START Supplied records

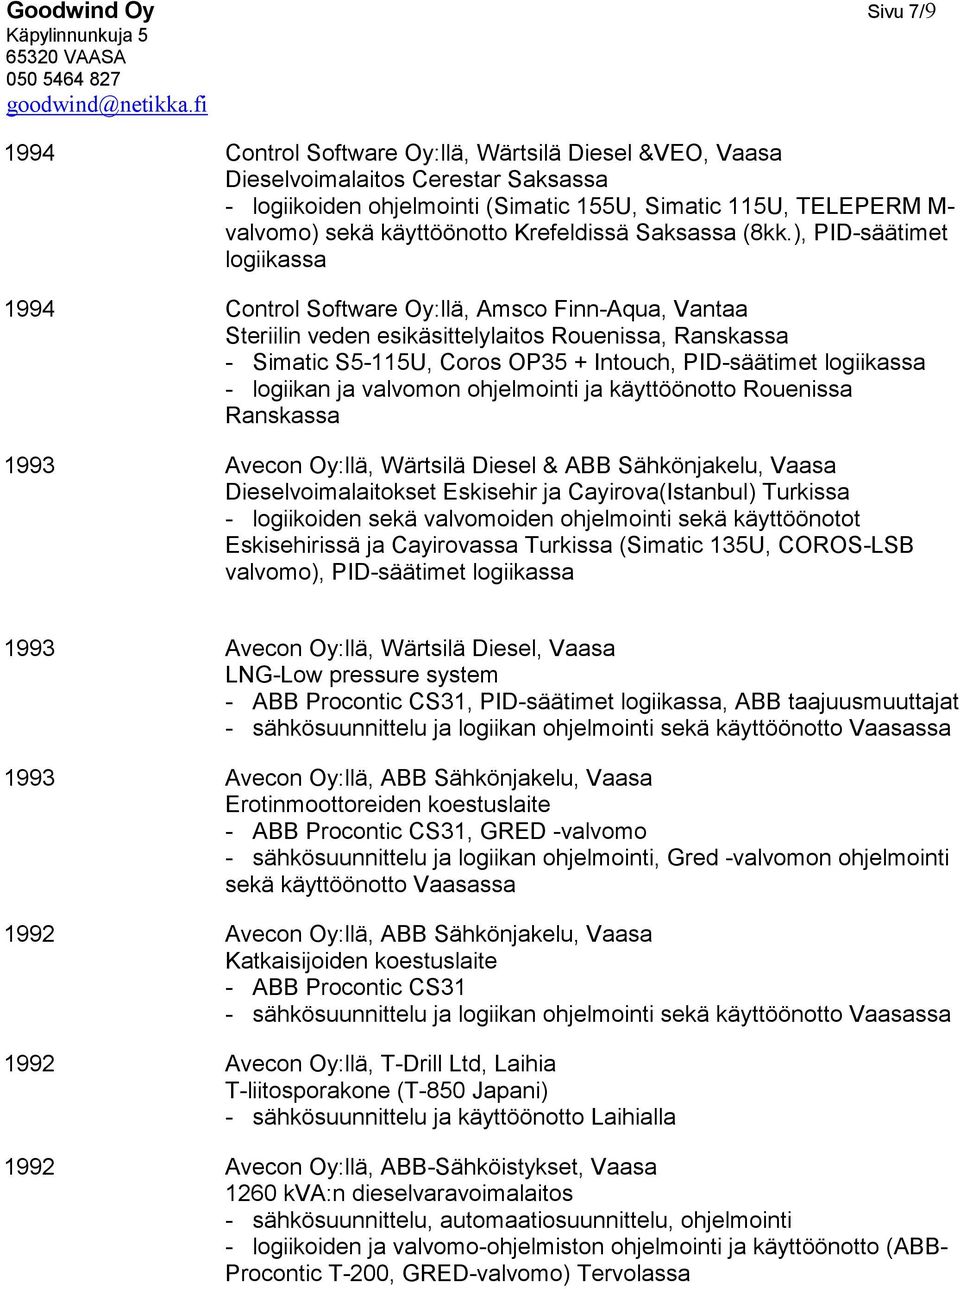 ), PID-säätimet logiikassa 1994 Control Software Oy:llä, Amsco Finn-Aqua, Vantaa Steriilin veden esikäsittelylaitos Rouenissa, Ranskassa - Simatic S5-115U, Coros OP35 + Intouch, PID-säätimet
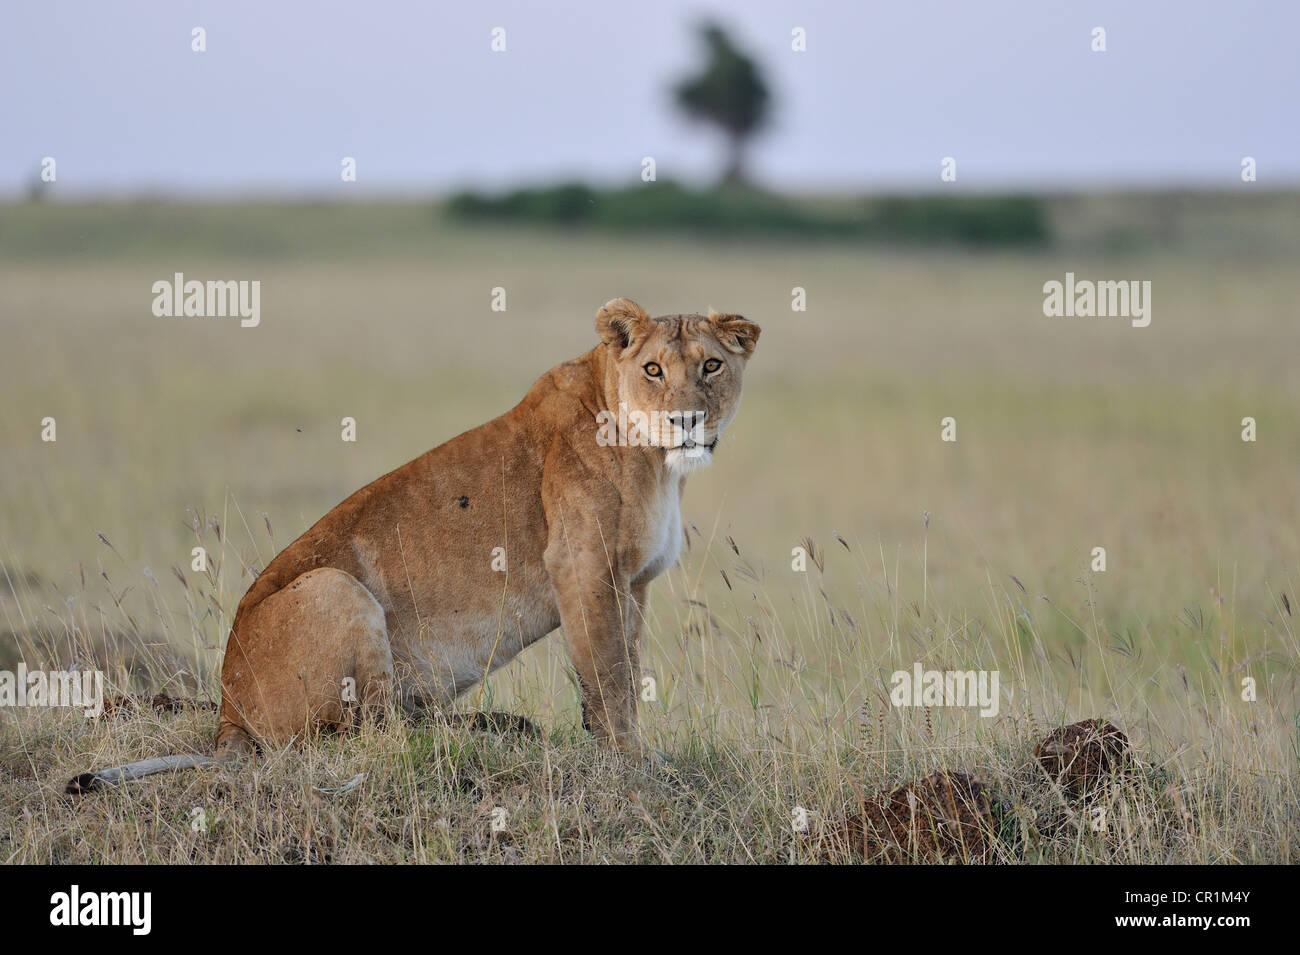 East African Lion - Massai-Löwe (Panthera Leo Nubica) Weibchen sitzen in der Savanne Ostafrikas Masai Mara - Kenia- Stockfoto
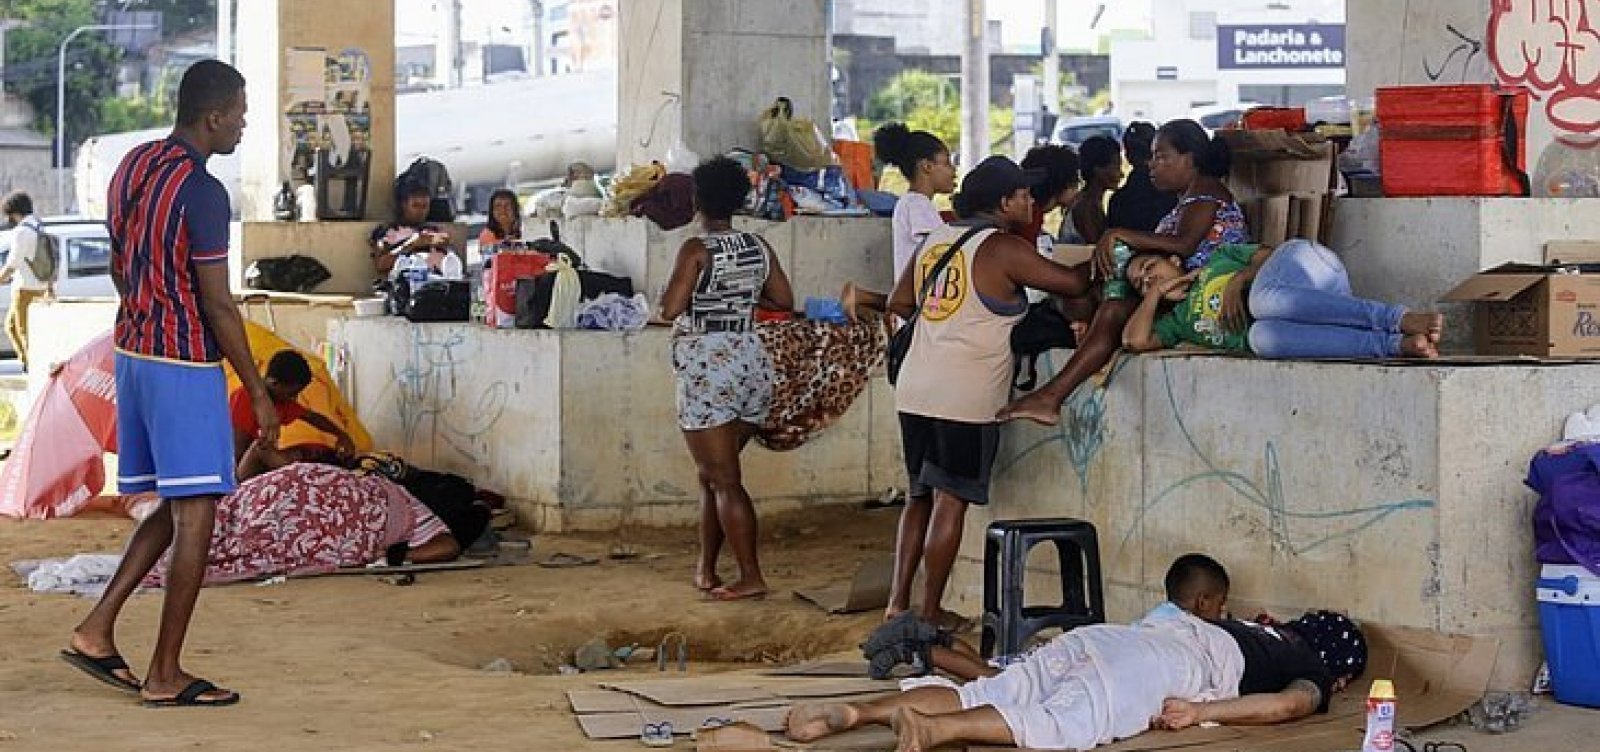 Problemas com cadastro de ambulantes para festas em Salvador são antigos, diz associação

END Supplied records
START Supplied records

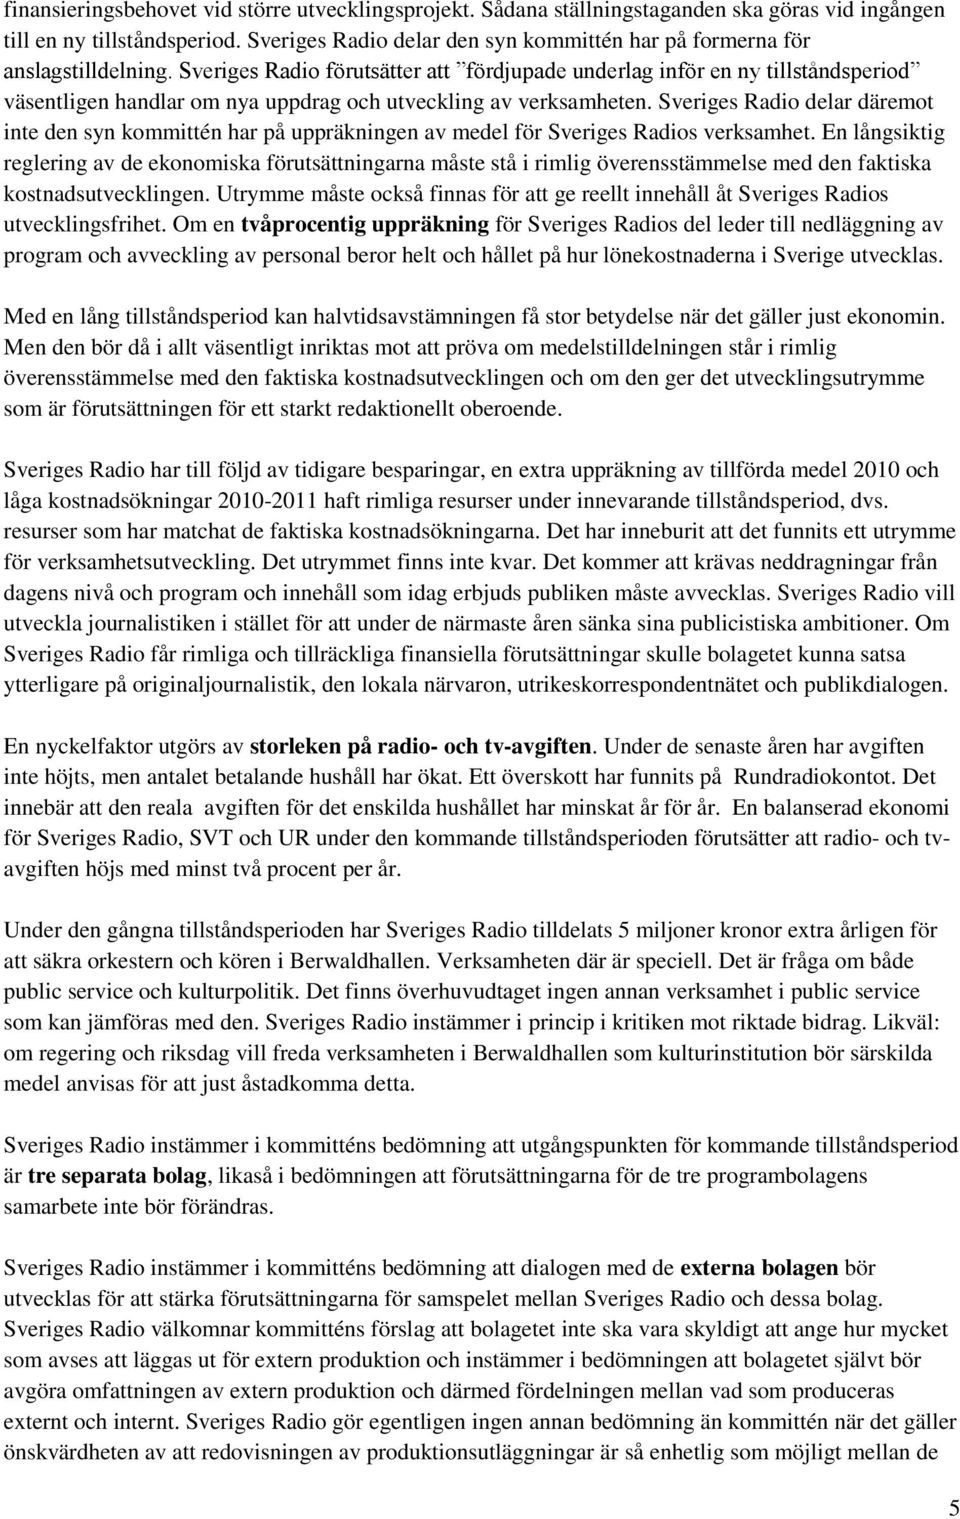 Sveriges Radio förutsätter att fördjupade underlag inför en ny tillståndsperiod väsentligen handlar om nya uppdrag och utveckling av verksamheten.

END Supplied records

Give exactly the lines above that run from the line with "OP35 + Intouch, PID-säätimet" to the line with "Problemas com cadastro", both included, leaving every picture out.

 ), PID-säätimet logiikassa 1994 Control Software Oy:llä, Amsco Finn-Aqua, Vantaa Steriilin veden esikäsittelylaitos Rouenissa, Ranskassa - Simatic S5-115U, Coros OP35 + Intouch, PID-säätimet
 East African Lion - Massai-Löwe (Panthera Leo Nubica) Weibchen sitzen in der Savanne Ostafrikas Masai Mara - Kenia- Stockfoto
 Problemas com cadastro de ambulantes para festas em Salvador são antigos, diz associação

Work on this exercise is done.